• _WHAT YOU ARE ASKED TO DO_: Please return, word for word, the line containing "OPEN Background Logo" and each line after it through the end of the data below, and nothing else.

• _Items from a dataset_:
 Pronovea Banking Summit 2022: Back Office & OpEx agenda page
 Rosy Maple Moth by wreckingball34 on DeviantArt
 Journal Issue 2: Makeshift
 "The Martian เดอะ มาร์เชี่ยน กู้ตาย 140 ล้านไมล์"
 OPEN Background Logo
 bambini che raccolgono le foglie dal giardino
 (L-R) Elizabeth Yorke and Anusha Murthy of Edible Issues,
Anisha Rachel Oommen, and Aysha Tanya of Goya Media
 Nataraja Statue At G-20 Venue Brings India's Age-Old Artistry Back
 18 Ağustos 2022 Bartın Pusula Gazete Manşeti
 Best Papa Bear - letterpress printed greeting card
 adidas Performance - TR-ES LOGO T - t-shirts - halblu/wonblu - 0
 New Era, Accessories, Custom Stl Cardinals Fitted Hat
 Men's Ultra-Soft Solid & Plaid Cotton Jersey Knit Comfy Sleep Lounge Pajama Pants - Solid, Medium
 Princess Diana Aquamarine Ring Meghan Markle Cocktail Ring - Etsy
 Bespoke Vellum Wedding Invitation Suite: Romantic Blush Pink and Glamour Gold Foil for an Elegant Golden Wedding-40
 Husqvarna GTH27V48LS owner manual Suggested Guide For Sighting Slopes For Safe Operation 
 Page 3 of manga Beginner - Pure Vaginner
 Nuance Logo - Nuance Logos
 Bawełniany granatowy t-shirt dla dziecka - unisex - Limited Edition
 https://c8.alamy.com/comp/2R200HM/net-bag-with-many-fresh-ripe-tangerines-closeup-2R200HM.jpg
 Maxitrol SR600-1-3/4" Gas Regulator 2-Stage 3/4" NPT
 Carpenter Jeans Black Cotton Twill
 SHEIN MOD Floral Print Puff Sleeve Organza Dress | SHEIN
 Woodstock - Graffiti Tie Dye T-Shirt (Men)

• _REPLY TO THE TASK_:
 OPEN Background Logo
 bambini che raccolgono le foglie dal giardino
 (L-R) Elizabeth Yorke and Anusha Murthy of Edible Issues,
Anisha Rachel Oommen, and Aysha Tanya of Goya Media
 Nataraja Statue At G-20 Venue Brings India's Age-Old Artistry Back
 18 Ağustos 2022 Bartın Pusula Gazete Manşeti
 Best Papa Bear - letterpress printed greeting card
 adidas Performance - TR-ES LOGO T - t-shirts - halblu/wonblu - 0
 New Era, Accessories, Custom Stl Cardinals Fitted Hat
 Men's Ultra-Soft Solid & Plaid Cotton Jersey Knit Comfy Sleep Lounge Pajama Pants - Solid, Medium
 Princess Diana Aquamarine Ring Meghan Markle Cocktail Ring - Etsy
 Bespoke Vellum Wedding Invitation Suite: Romantic Blush Pink and Glamour Gold Foil for an Elegant Golden Wedding-40
 Husqvarna GTH27V48LS owner manual Suggested Guide For Sighting Slopes For Safe Operation 
 Page 3 of manga Beginner - Pure Vaginner
 Nuance Logo - Nuance Logos
 Bawełniany granatowy t-shirt dla dziecka - unisex - Limited Edition
 https://c8.alamy.com/comp/2R200HM/net-bag-with-many-fresh-ripe-tangerines-closeup-2R200HM.jpg
 Maxitrol SR600-1-3/4" Gas Regulator 2-Stage 3/4" NPT
 Carpenter Jeans Black Cotton Twill
 SHEIN MOD Floral Print Puff Sleeve Organza Dress | SHEIN
 Woodstock - Graffiti Tie Dye T-Shirt (Men)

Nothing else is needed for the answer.